Conflits intérieurs…

William m’explique qu’il a appris à connaître les différentes personnalités qui l’habitent à travers les récits de ses amis. Chaque identité a conscience de l’existence des autres, même si William reste un peu le chef d’orchestre de l’ensemble. Deux identités peuvent coexister en même temps et certaines tenir des conversations ensemble. William s’est accommodé de cet état « On a l’habitude d’être plusieurs, on n’arrive pas à se dire qu’on pourrait être une seule personne ». Il souffre néanmoins de troubles de mémoire handicapants. « Si on fait une sieste et qu’on se réveille sous une autre personnalité en plein cauchemar, on peut l’intégrer dans nos souvenirs comme éléments de réalité », « On a peur que William disparaisse et ne se réveille que 3 ou 4 jours plus tard en oubliant tout ce qui s’est passé », « Si un conflit éclate quelque part, on oublie la dispute mais on ressent une forte angoisse en retournant dans cet endroit sans savoir pourquoi »… William vit seul dans un studio et a établi des règles strictes pour que le système fonctionne. Par exemple, il n’invite jamais quelqu’un chez lui, car s’il y a un switch d’identité, la personnalité nouvelle pourrait être en difficulté avec un ami qui n’est pas le sien (ce qui serait moins gênant à l’extérieur).
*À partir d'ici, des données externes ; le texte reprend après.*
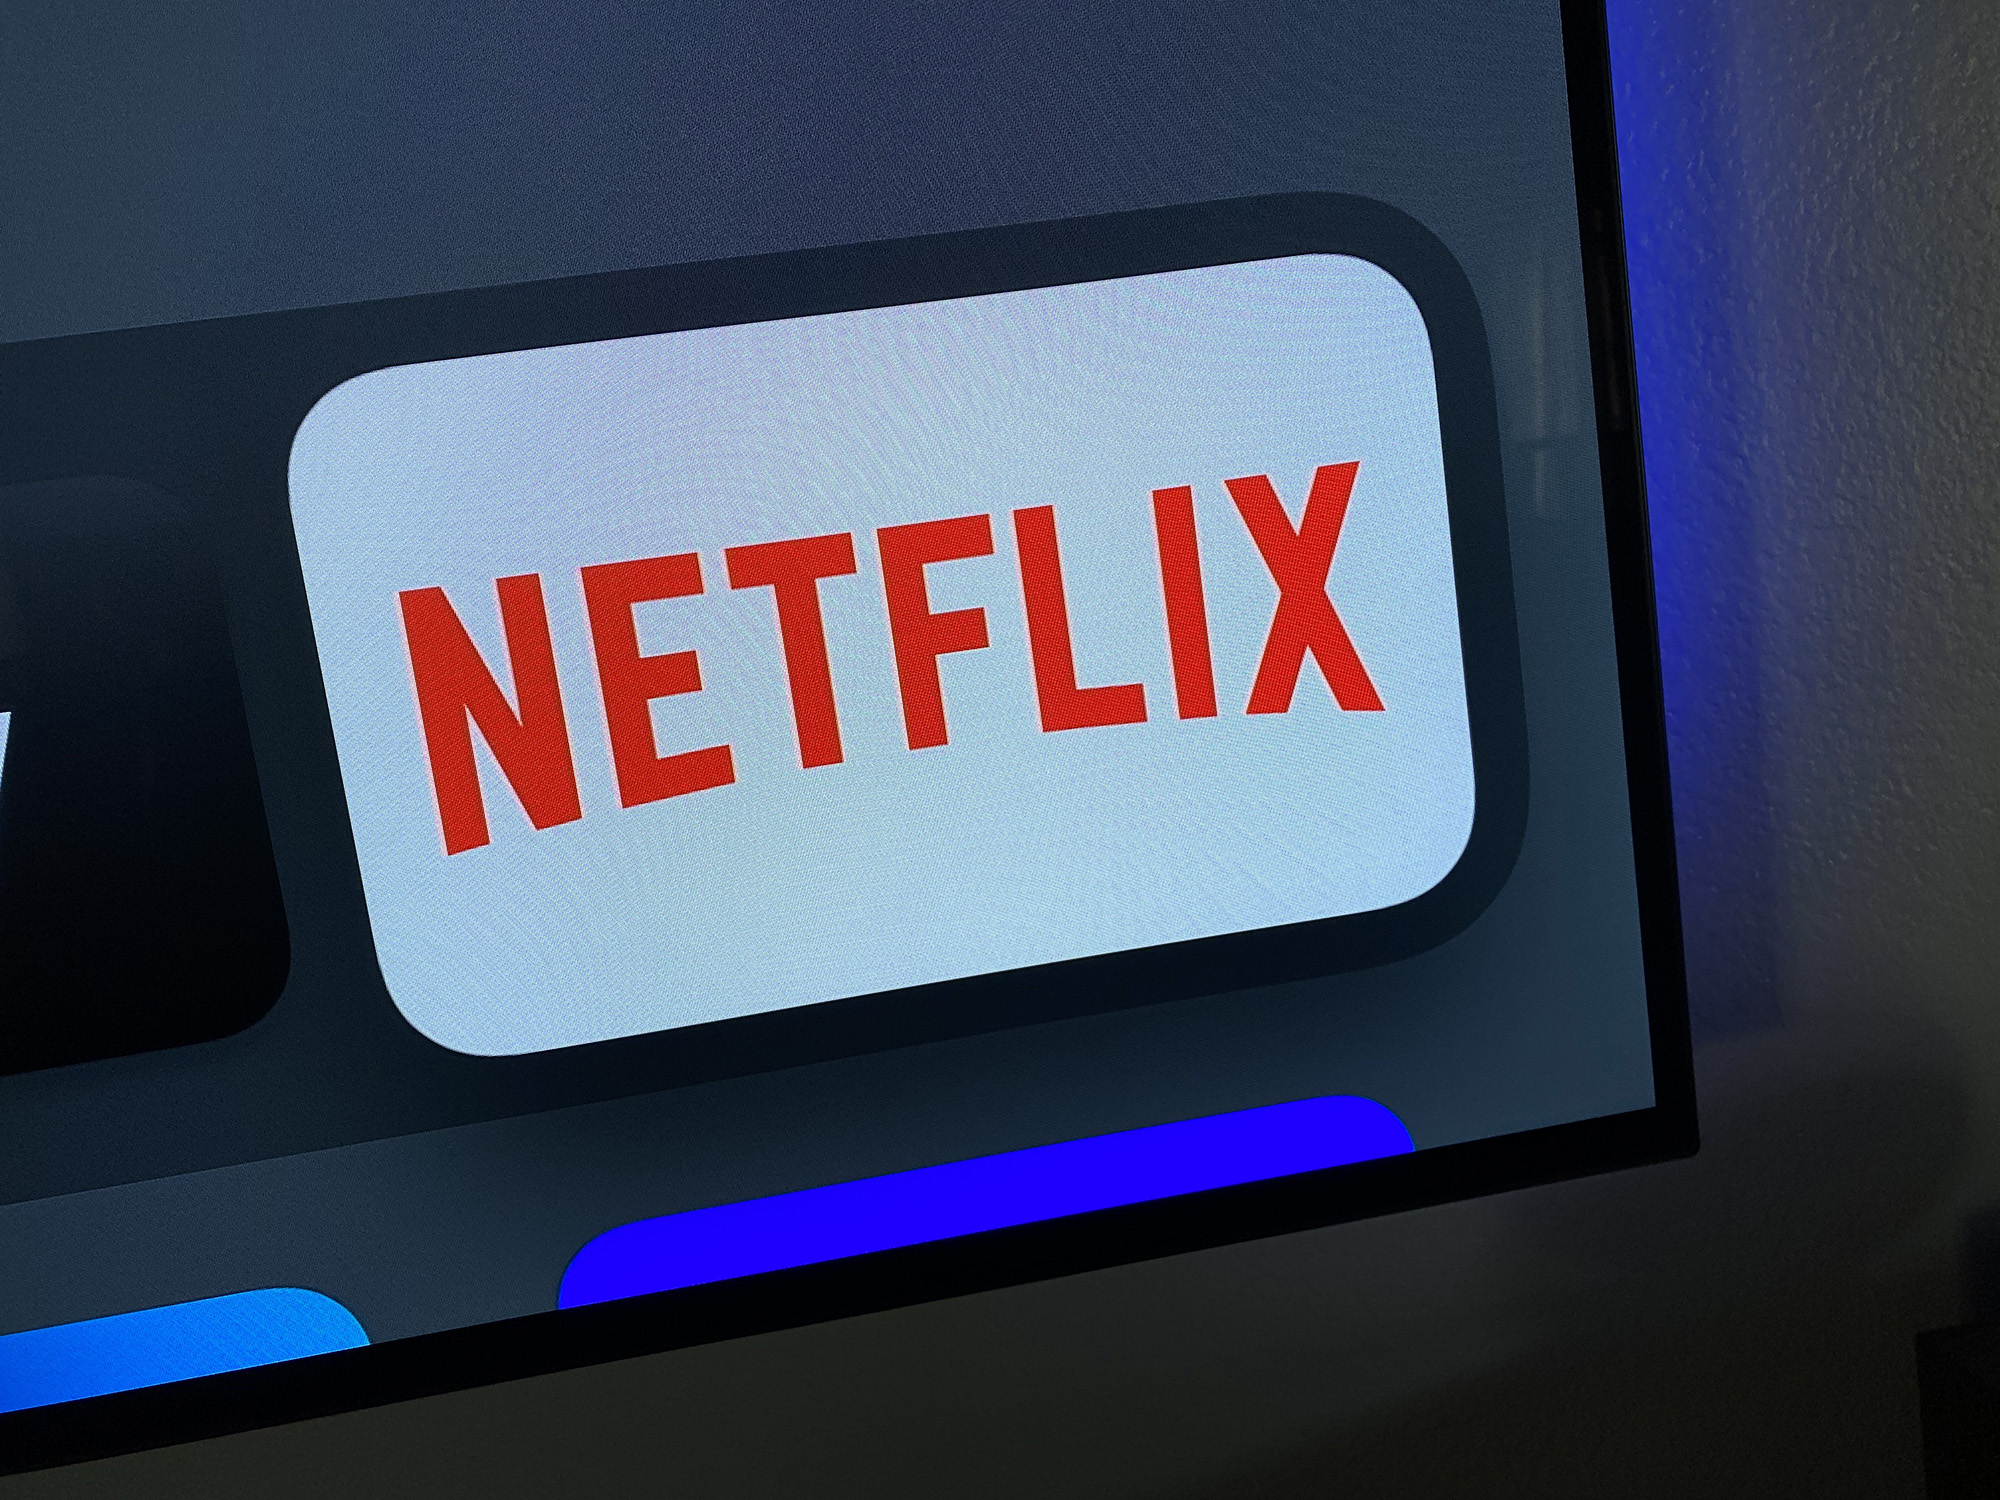 Netflix to crack down on password sharing from early 2023
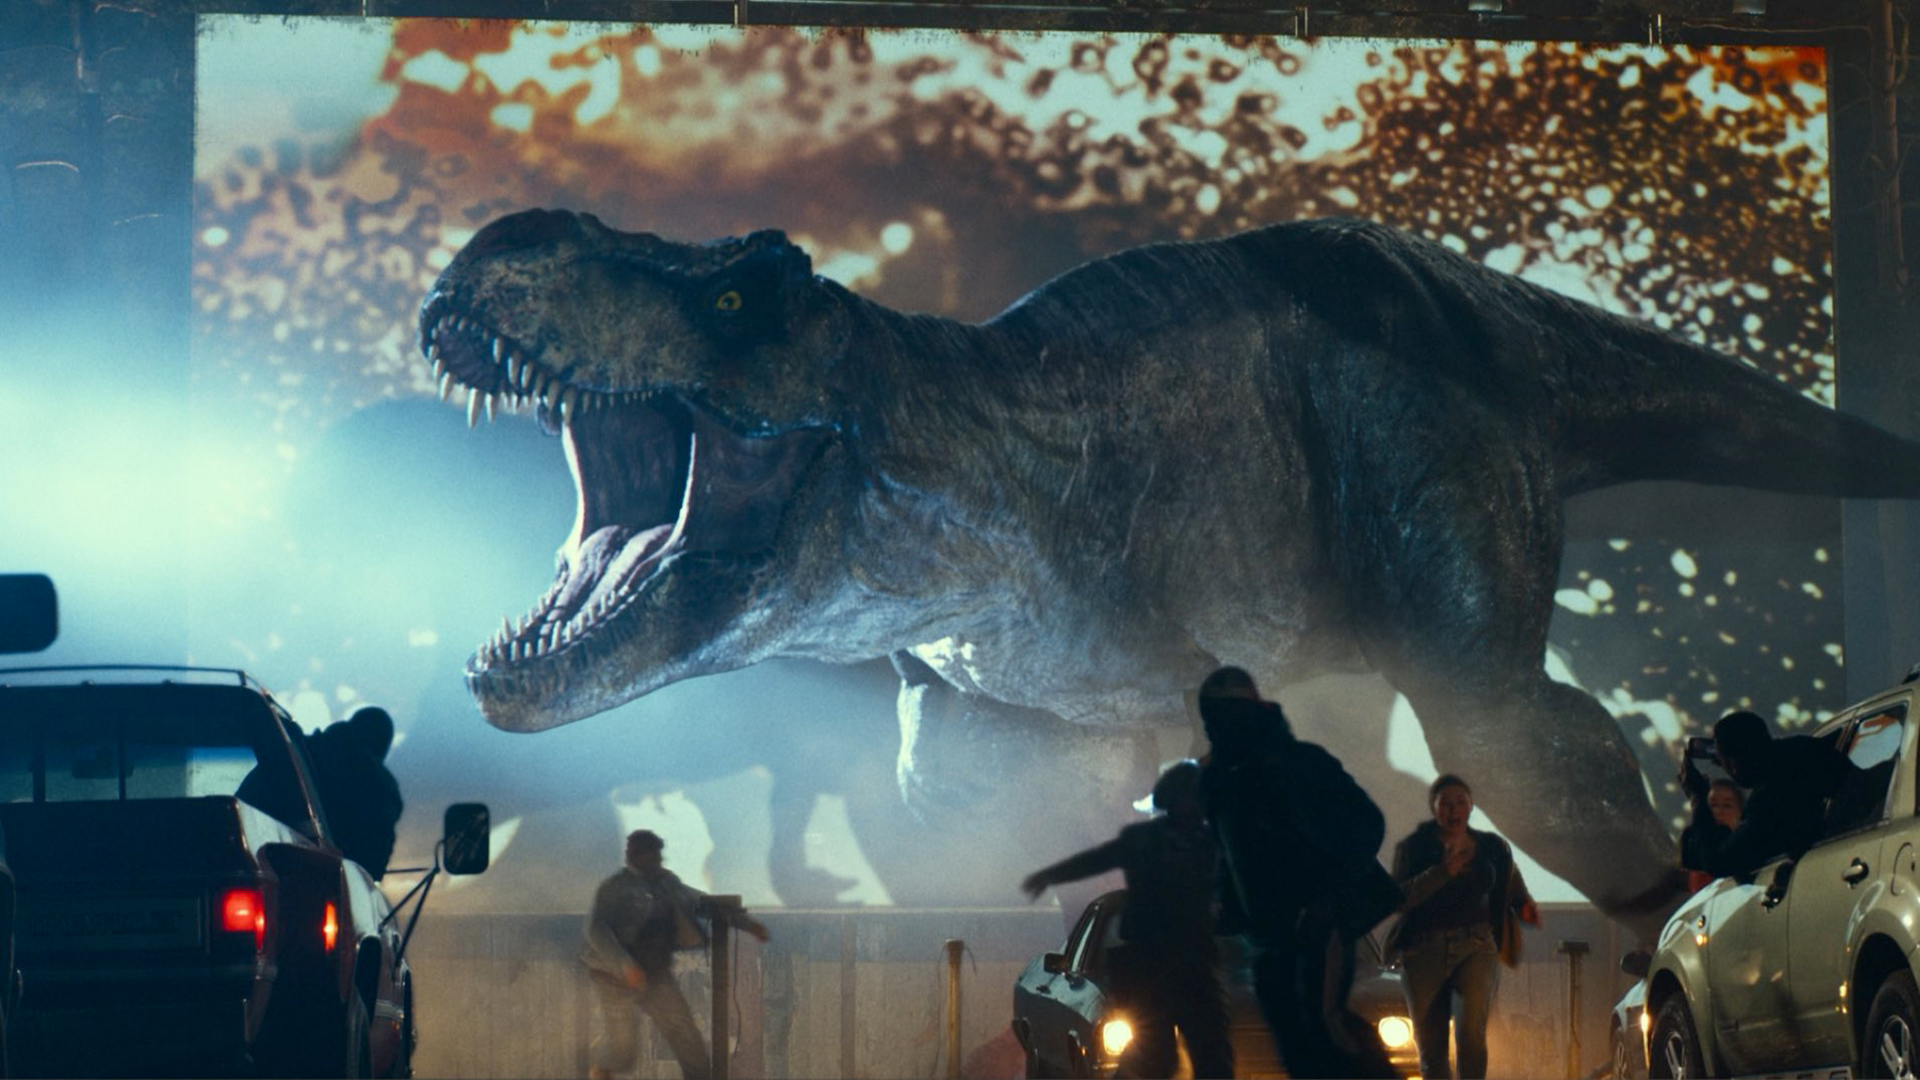 Jurassic World Dominion will have a 2 hours 23 minutes long runtime

Il tient un calendrier où il note tout pour que toutes ses personnalités puissent s’y référer.

Actuellement, William a du mal à rester seul chez lui. Il m’évoque une rupture amoureuse avec la petite amie de Roy, rupture qui a affecté toutes les autres personnalités. Il se sent triste, a du mal à dormir, ne supporte pas la solitude et s’entoure d’amis en transition qui fréquentent les mêmes associations que lui.

Après quelques passages aux urgences pour des crises d’angoisse, William a donc sollicité ces entretiens infirmiers réguliers. Il a besoin d’évoquer ses difficultés du quotidien. Par exemple, il a peur de croiser à la fac l’ex-petite amie de Roy avec qui ça s’est mal terminé… Ses conflits intérieurs provoquent chez lui une anxiété massive.

Après une période de grand stress et de fatigue, William va passer quelques jours de vacances dans sa famille en Bretagne. Il aime retourner chez ses parents, même s’il ne peut pas parler avec eux de sa transition et de ses personnalités multiples. Il se sent en sécurité là-bas. Le fait d’être « un peu coupé du monde » le rassure.

William commence ses injections d’hormones et espère pouvoir montrer aux autres un corps plus masculin et une voix plus grave. Il attend avec impatience d’avoir un rendez-vous chirurgical pour bénéficier d’une mastectomie, qui lui permettra d’ôter définitivement son binder (sous vêtement compressif) qui l’empêche parfois de respirer. « Ce sera une délivrance ! » lâche William avec un grand sourire. 

Cette prise en charge nous questionne beaucoup. Concernant le diagnostic, notons que le psychiatre de l’équipe penche plutôt pour un trouble de la personnalité, avec rationalisation des difficultés sous forme de TDI. Tandis que William est en attente d’un suivi psychologique au CMP, nous avançons à petits pas, avec prudence et bienveillance…

Virginie De Meulder
Infirmière, Consultation Nineteen pour les jeunes adultes, GHU Paris psychiatrie et neurosciences.

1– D’après l’Association commune trans et homo pour l’égalité (Acthe), « la transition est un ensemble de démarches qu’il est possible de faire pour modifier soit son genre social, soit son apparence physique, soit son état civil, ou bien une combinaison de ces éléments, voire tous ces éléments ».
2– Autrefois appelé « trouble de la personnalité multiple », le TDI est défini dans le DSM-5 par la présence d’au moins deux états de personnalités distincts et d’importants trous de mémoire au quotidien, provoquant une détresse significative altérant le fonctionnement social.